The Weekly Curve: Your Participation Structure Determines Your Exposure and Your Reporting Determines Whether You See It

Issue No. 4 | April 28, 2026
For warranty administrators who manage loss ratios, reinsurance, and contract performance.
This Week: The DTC Channel and Your Book
THE CURVE: 12.3%
The DTC VSC channel is growing at a 12.3% CAGR, per Colonnade Advisors’ March 2026 whitepaper. That is the top-line number. The one that matters for administrators sits underneath it: only 44% of eligible U.S. vehicles carry any VSC coverage. As the DTC channel grows into that gap, the composition of the book changes. More contracts are being written on aging, high-mileage vehicles within a fleet where the average vehicle age is now 12.8 years, and on consumers who did not purchase coverage at the dealership.
That is a different risk profile than a factory-warranty-adjacent contract written at the point of sale. Knowing which mix you are administering, and how the earnings curve was built, is the first question to answer before a Q2 reserve review.
THE ADMINISTRATIVE ANGLE
DTC contracts behave differently because the payment sits as a visible, standalone line item. That visibility changes cancellation behavior, not just in rate, but in timing. Two books can show the same cancellation rate and produce different economics depending on when cancellations occur across the contract cohort. Earned premium, reserve release timing, and reinsurance positioning all flow from the shape of that curve.
An earnings curve built on dealer-originated data does not describe a DTC book. If DTC volume is measured against a curve built for a different channel, newer cohorts will underperform immediately. The difference compounds each quarter the assumptions remain unchanged.

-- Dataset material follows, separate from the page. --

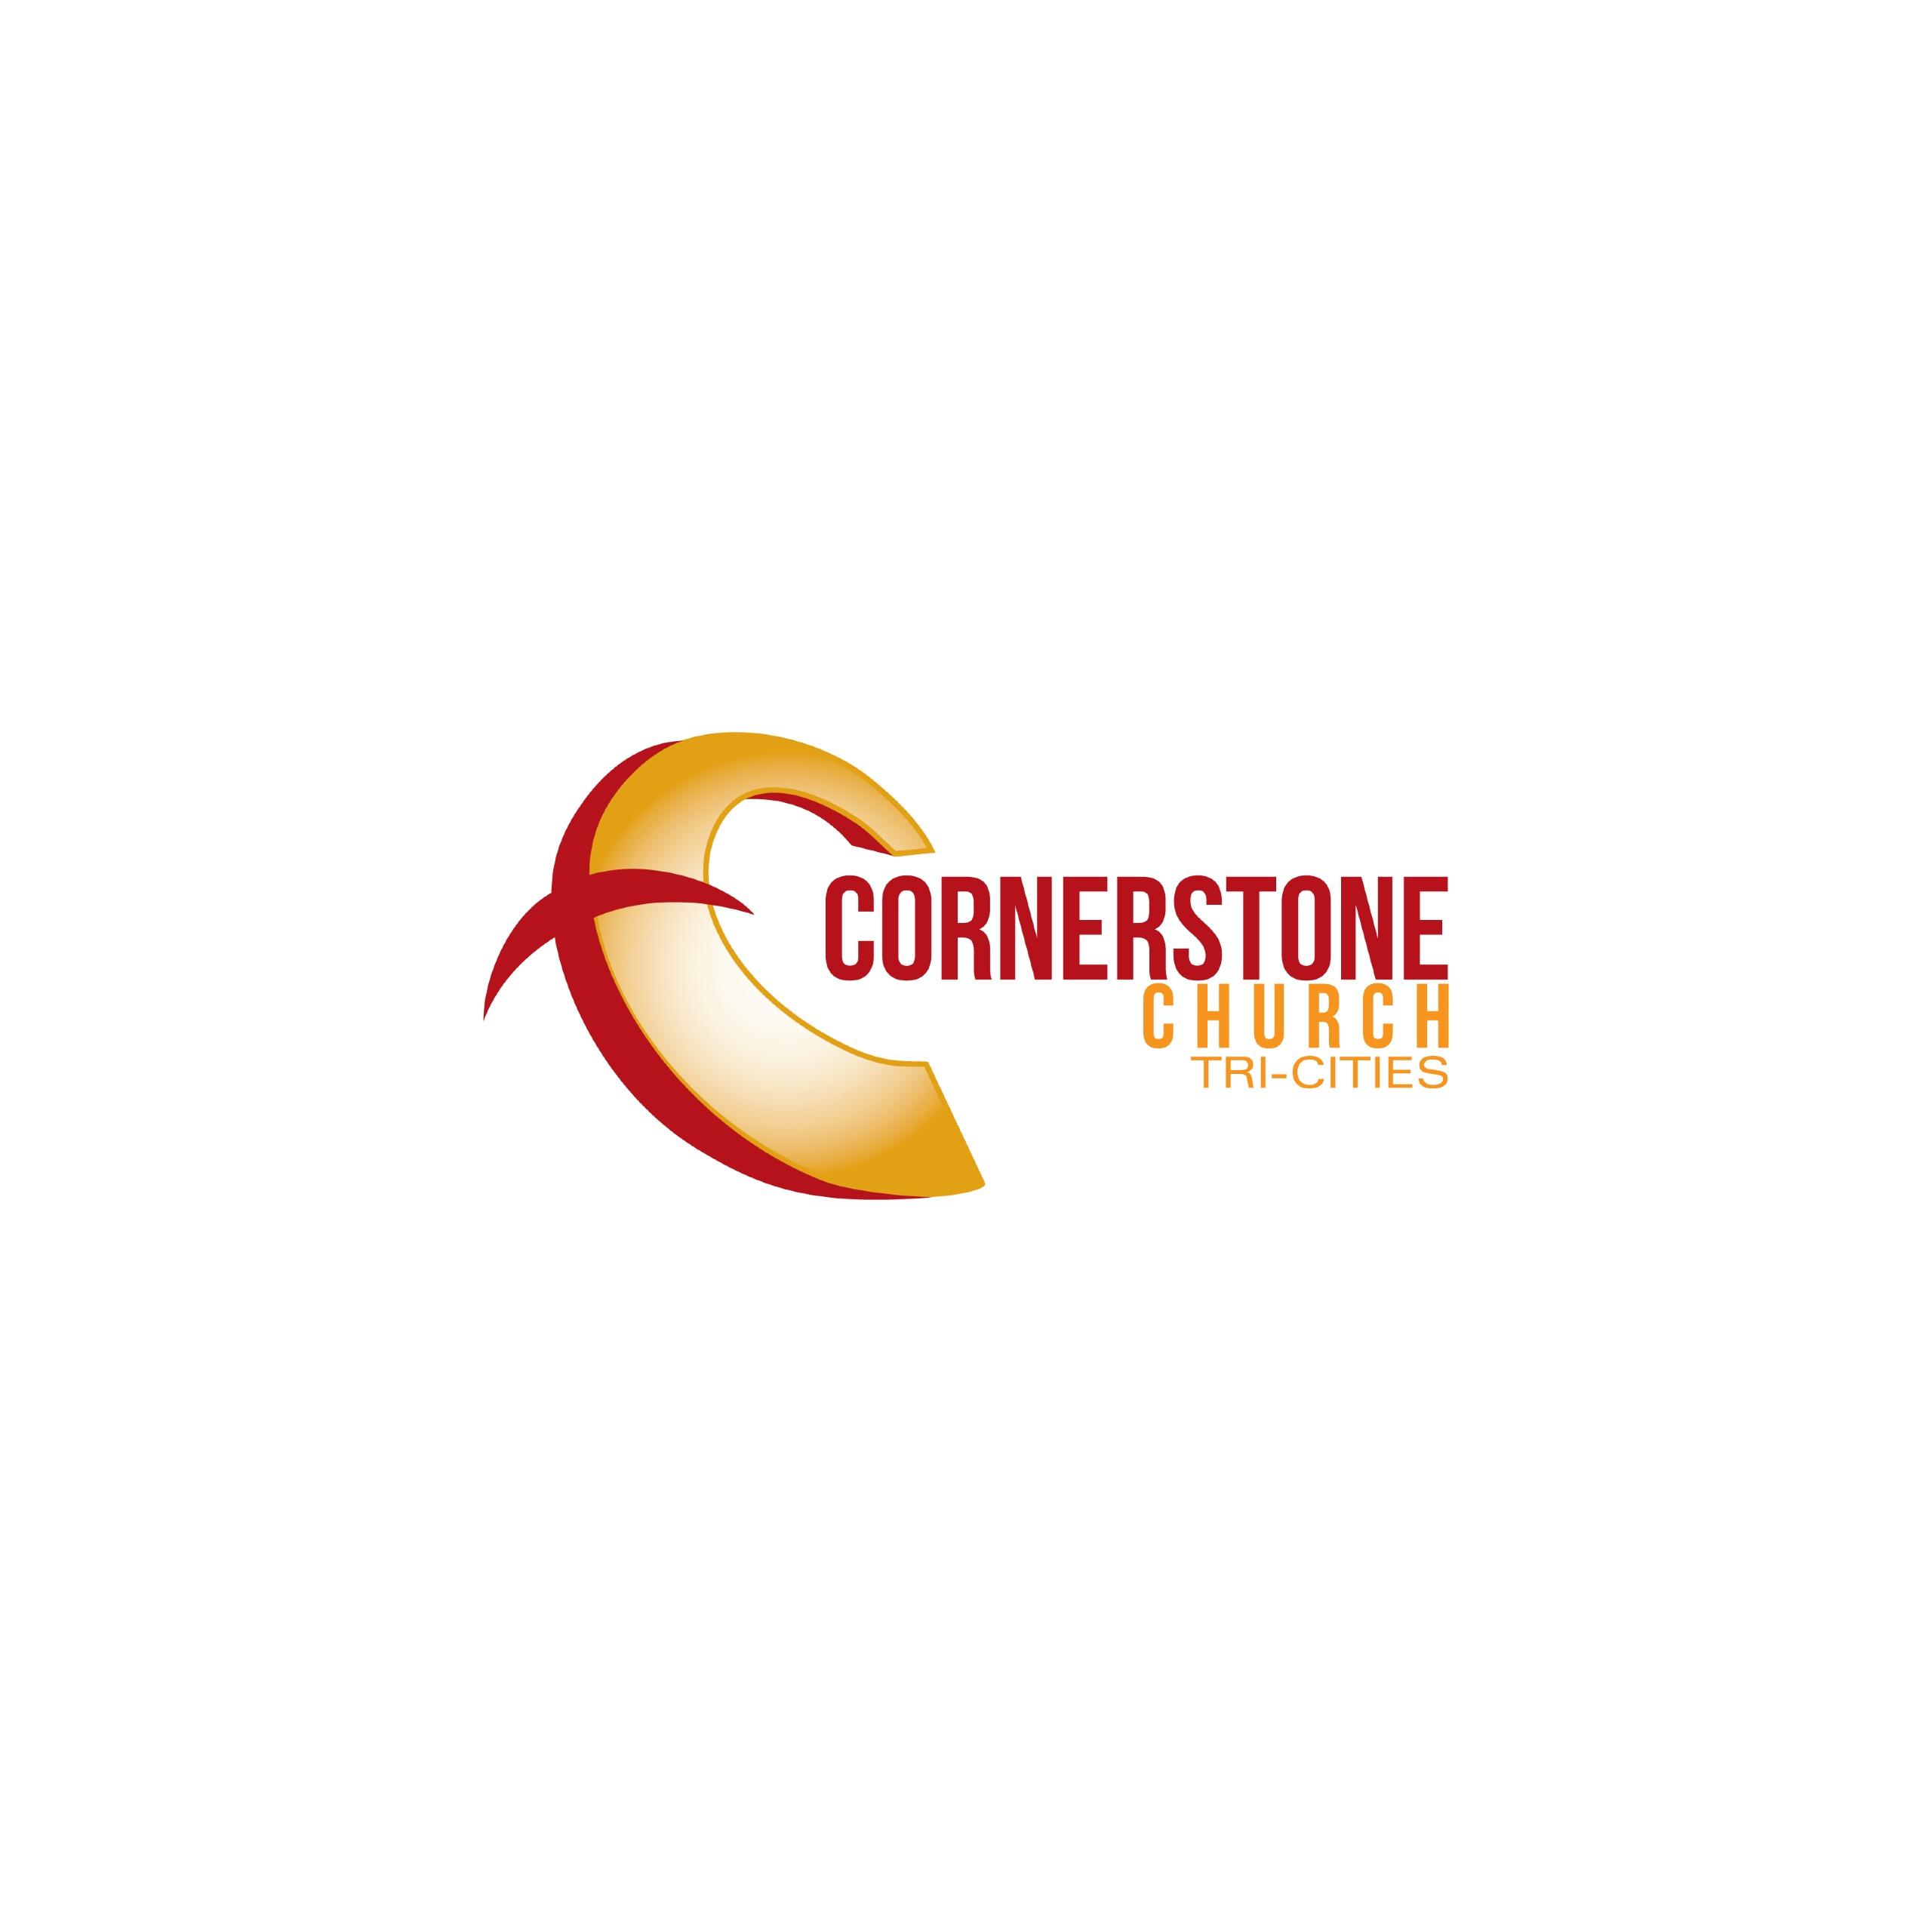 Cornerstone Church Tri
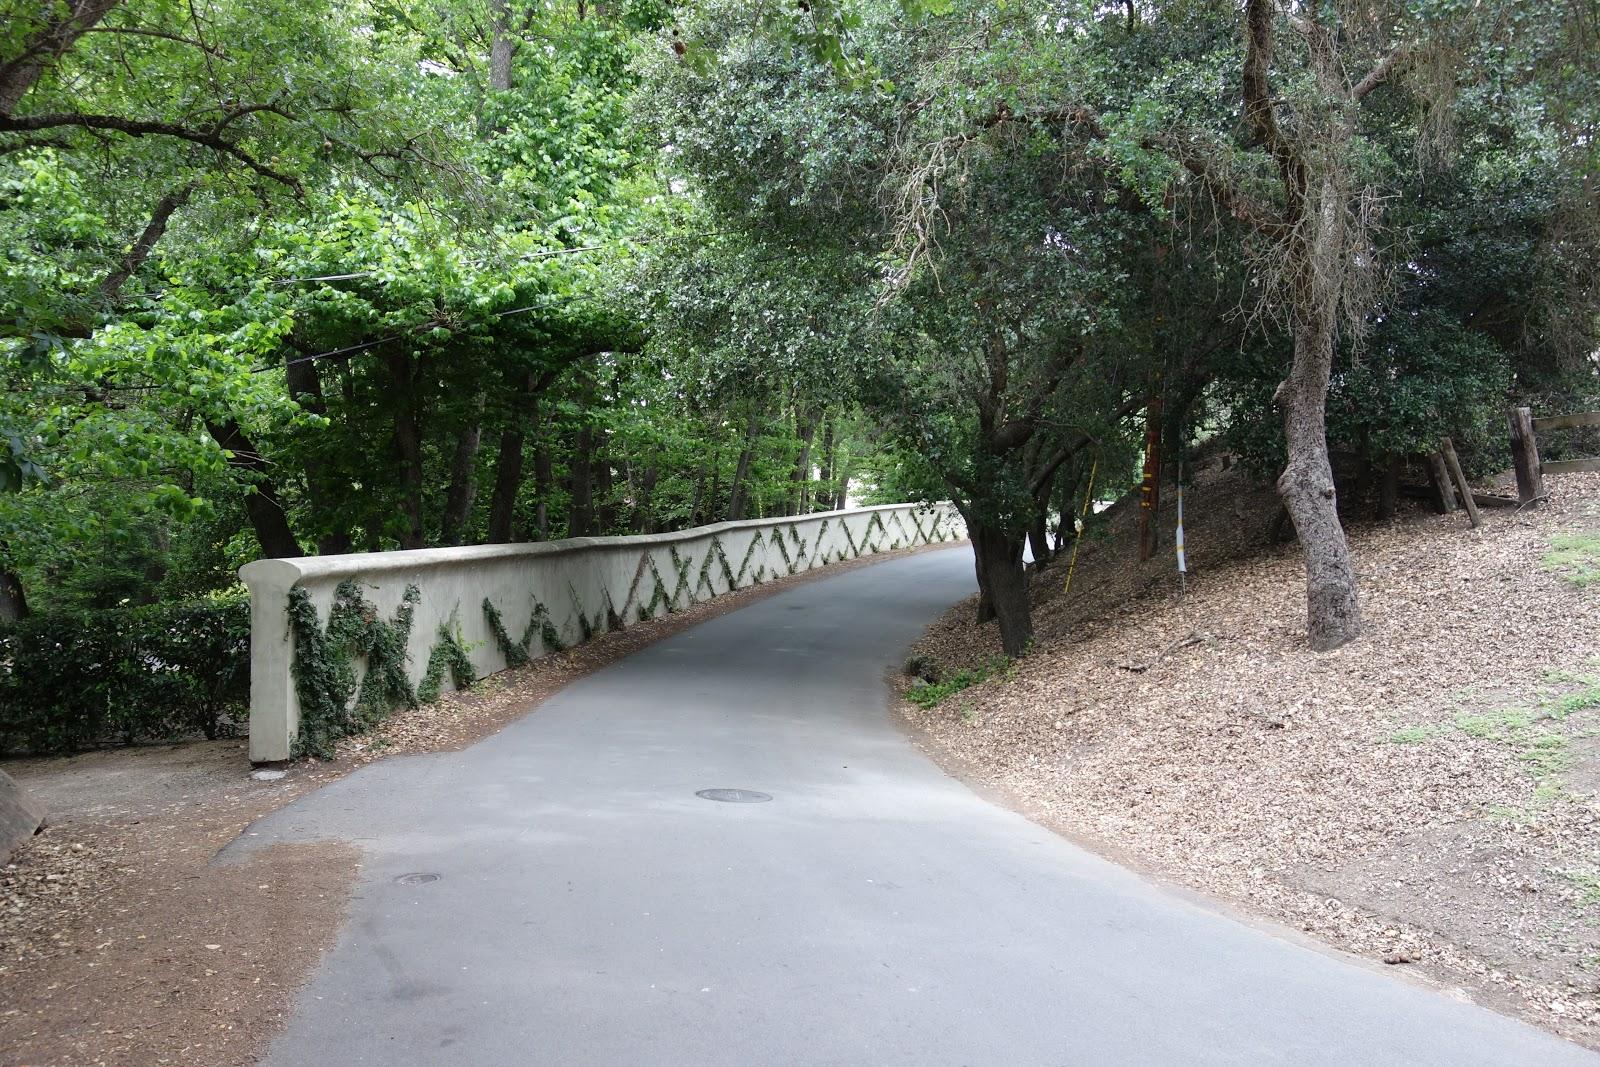 Cycling Mt. Diablo - South Gate - start of climb - bridge

The 12.3% CAGR means DTC volume is increasing as a share of most books. If the methodology has not been updated to reflect that shift, the gap between reported and actual performance will continue to widen.
FROM THE BLOG
The DTC VSC Market in 2026: Why the Fastest-Growing F&I Channel Is Just Getting Started
Colonnade’s March 2026 whitepaper outlines the structural drivers behind DTC VSC growth, including repair cost inflation, an aging vehicle fleet, and increasing financial pressure on vehicle owners. This week’s post walks through those trends and how they are shaping demand in the channel.
THE RESERVE QUESTION
Repair costs are running 13.9% above August 2022 levels, per BLS. If the severity assumption in your current book was calibrated before that shift, the reserve position reflects a cost environment that no longer exists. What does your open contract book show when tested against current repair cost levels?